Когда американцы «изобрели» должность президента, сограждане даже не знали, как обращаться к Джорджу Вашингтону, поскольку прецедентов избрания главы исполнительной власти вне парламента на то время просто не существовало. Сначала общий комитет двух палат Конгресса предложил высокопарный титул «Его Величество, Президент Соединенных Штатов и защитник их свобод», но впоследствии на предложение Джеймса Медисона и Палаты представителей, титул был упрощен до действующего ныне «мистер Президент». Вряд ли на рубеже XVIII—XIX веков жители тринадцати вчерашних британских колоний могли представить себе, что конституционная модель, которую изобрел Филадельфийский конвент, станет фактически безальтернативной на американском континенте (исключения можно перечислить по пальцам одной руки) и одной из основных разновидностей формы правления в мире.

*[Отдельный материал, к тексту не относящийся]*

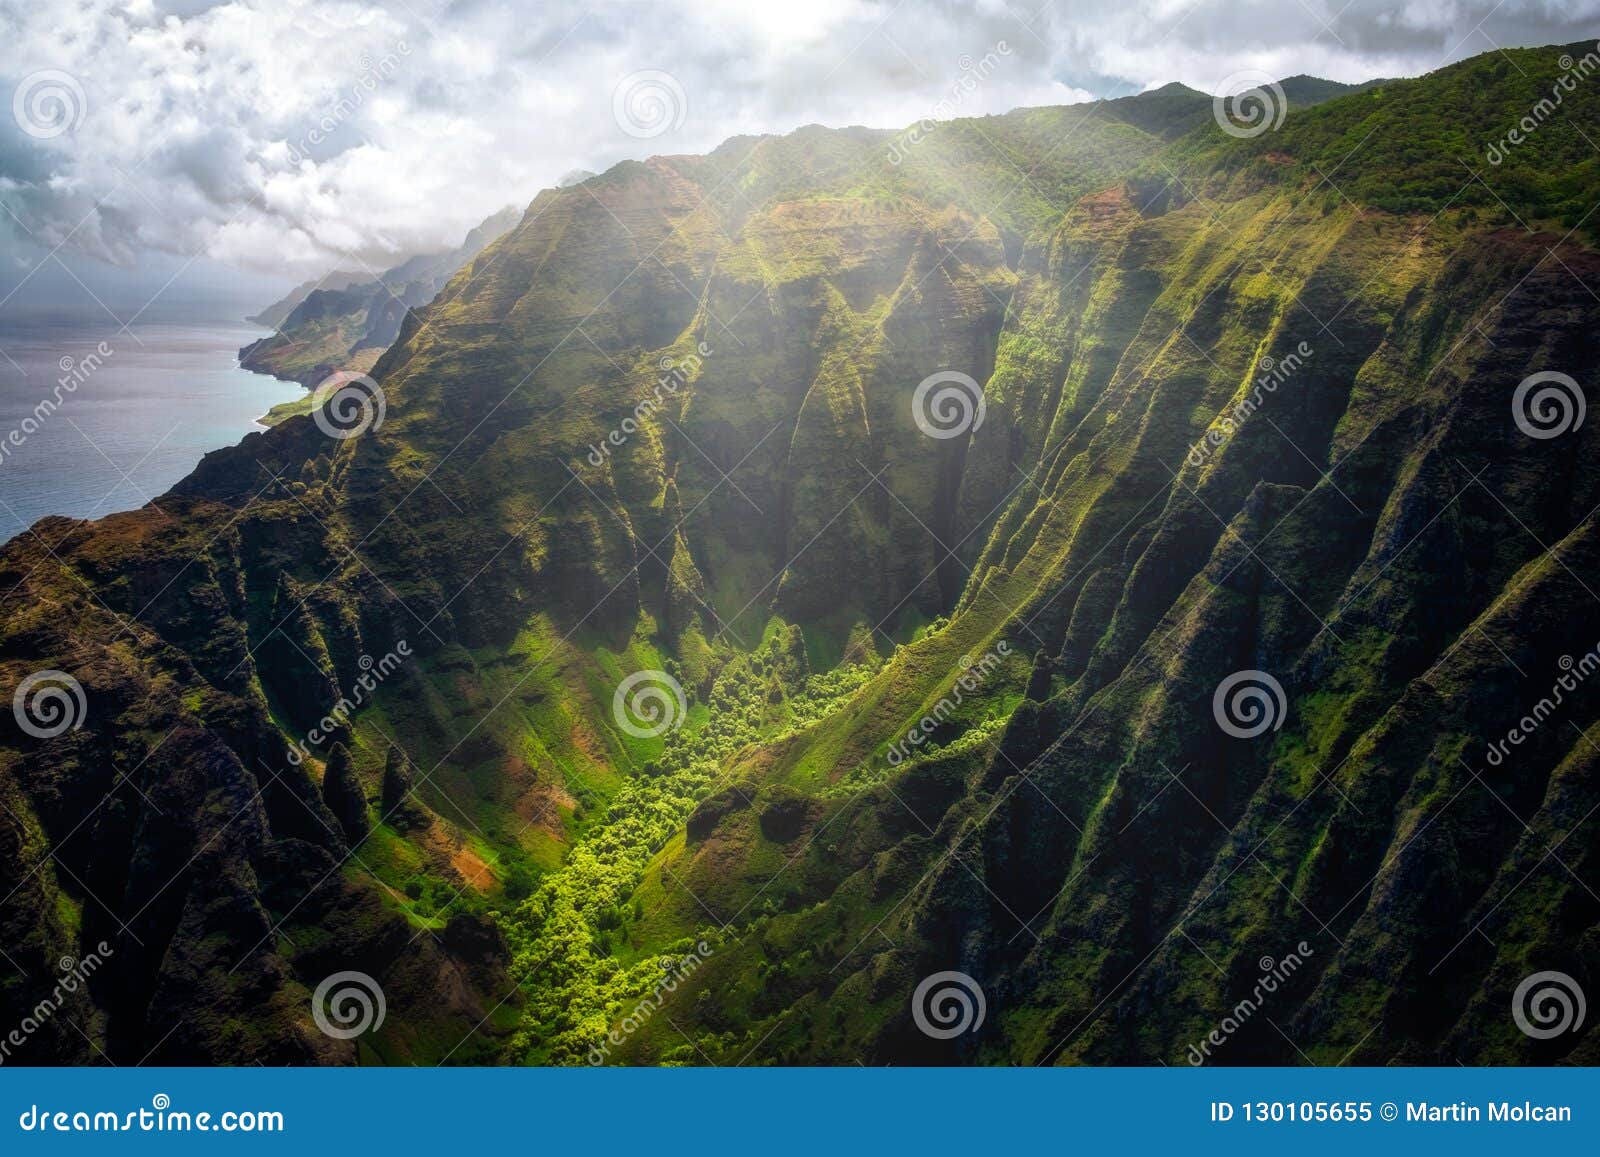 landscape view of na pali coastline cliffs with sunlight glow, kauai, hawaii
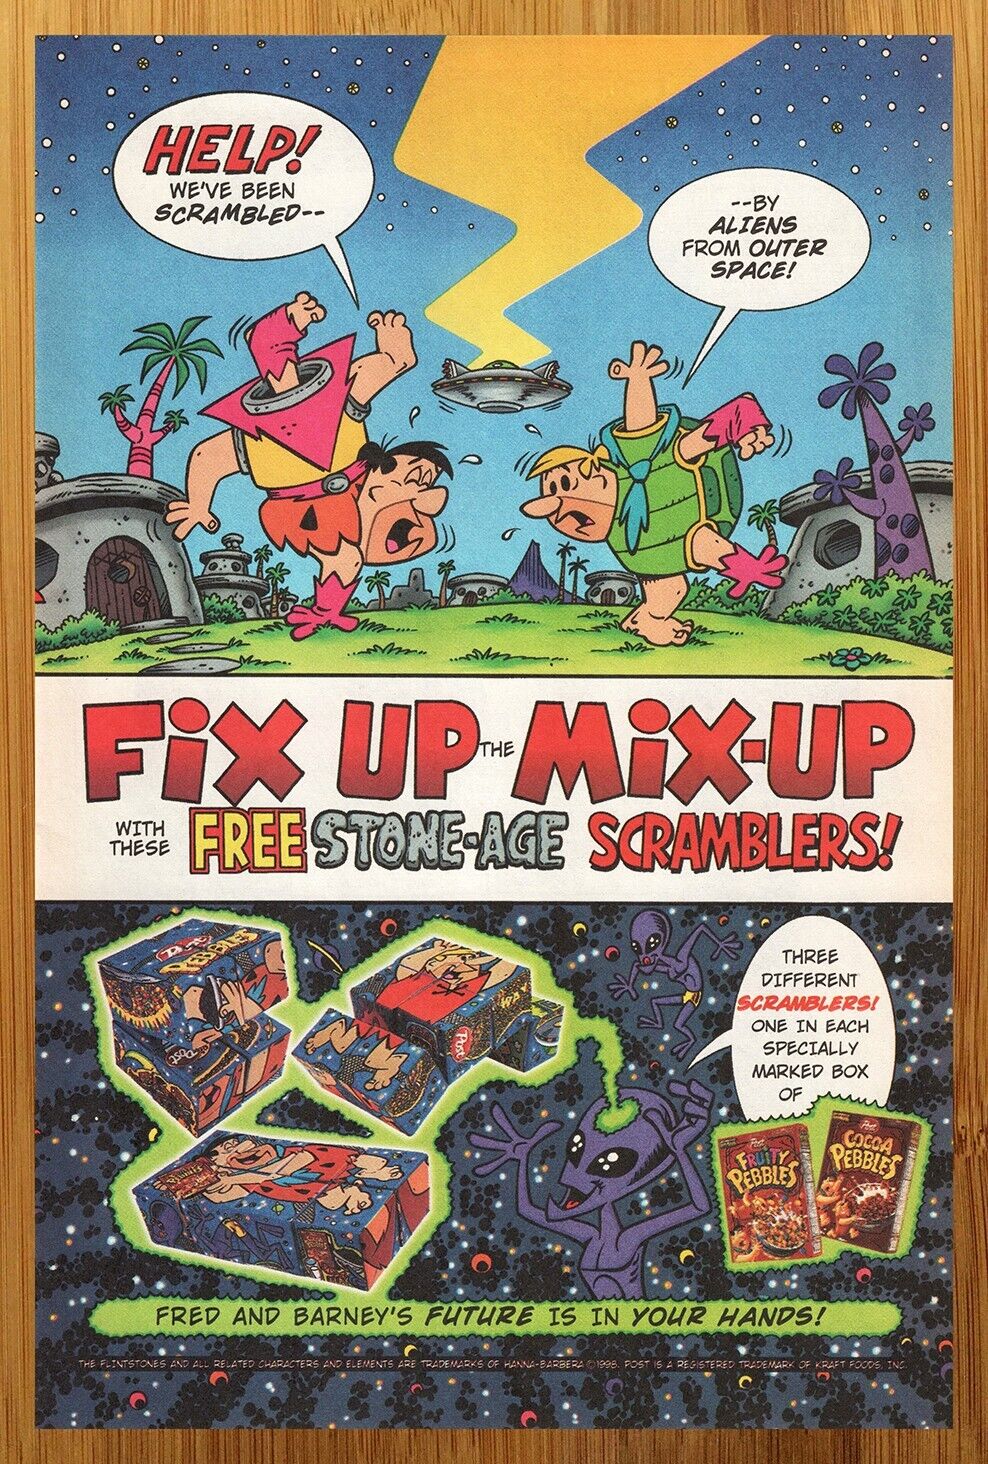 1998 Fruity/Cocoa Pebbles Cereal Print Ad/Poster Flintstones Retro Food Art 90s

Точно так же, когда в 1295 году Эдвард I созвал первый в Европе выборный парламент, известный в истории под названием «модельного», англичане, вероятно, и не подозревали, что через семь веков в мире останутся считанные страны, не имеющие выборной легислатуры. С тех пор Англия пережила недолгий период республиканского протектората, потом вместе с Шотландией создала Великобританию, впоследствии — после присоединения Ирландии — Объединенное Королевство, пережила расцвет и распад Британской империи, отделение Ирландской республики и теперь стоит на пороге референдума о независимости Шотландии, но парламентаризм остается не просто незыблемым фундаментом британской государственности, но и одним из основных вложений британского гения в мировую казну конституционализма.
В середине XIX в. швейцарцы внедрили институт коллективного главы государства, известный как Федеральный совет, состоящий из семи членов, каждый из которых по очереди председательствует на протяжении года в этом коллегиальном органе. Невзирая на то, что коллективный глава государства остается в современных конституционных моделях редким исключением из общих правил, швейцарцы уже полтора века чувствуют себя достаточно уютно с коллегиальным президентом во главе.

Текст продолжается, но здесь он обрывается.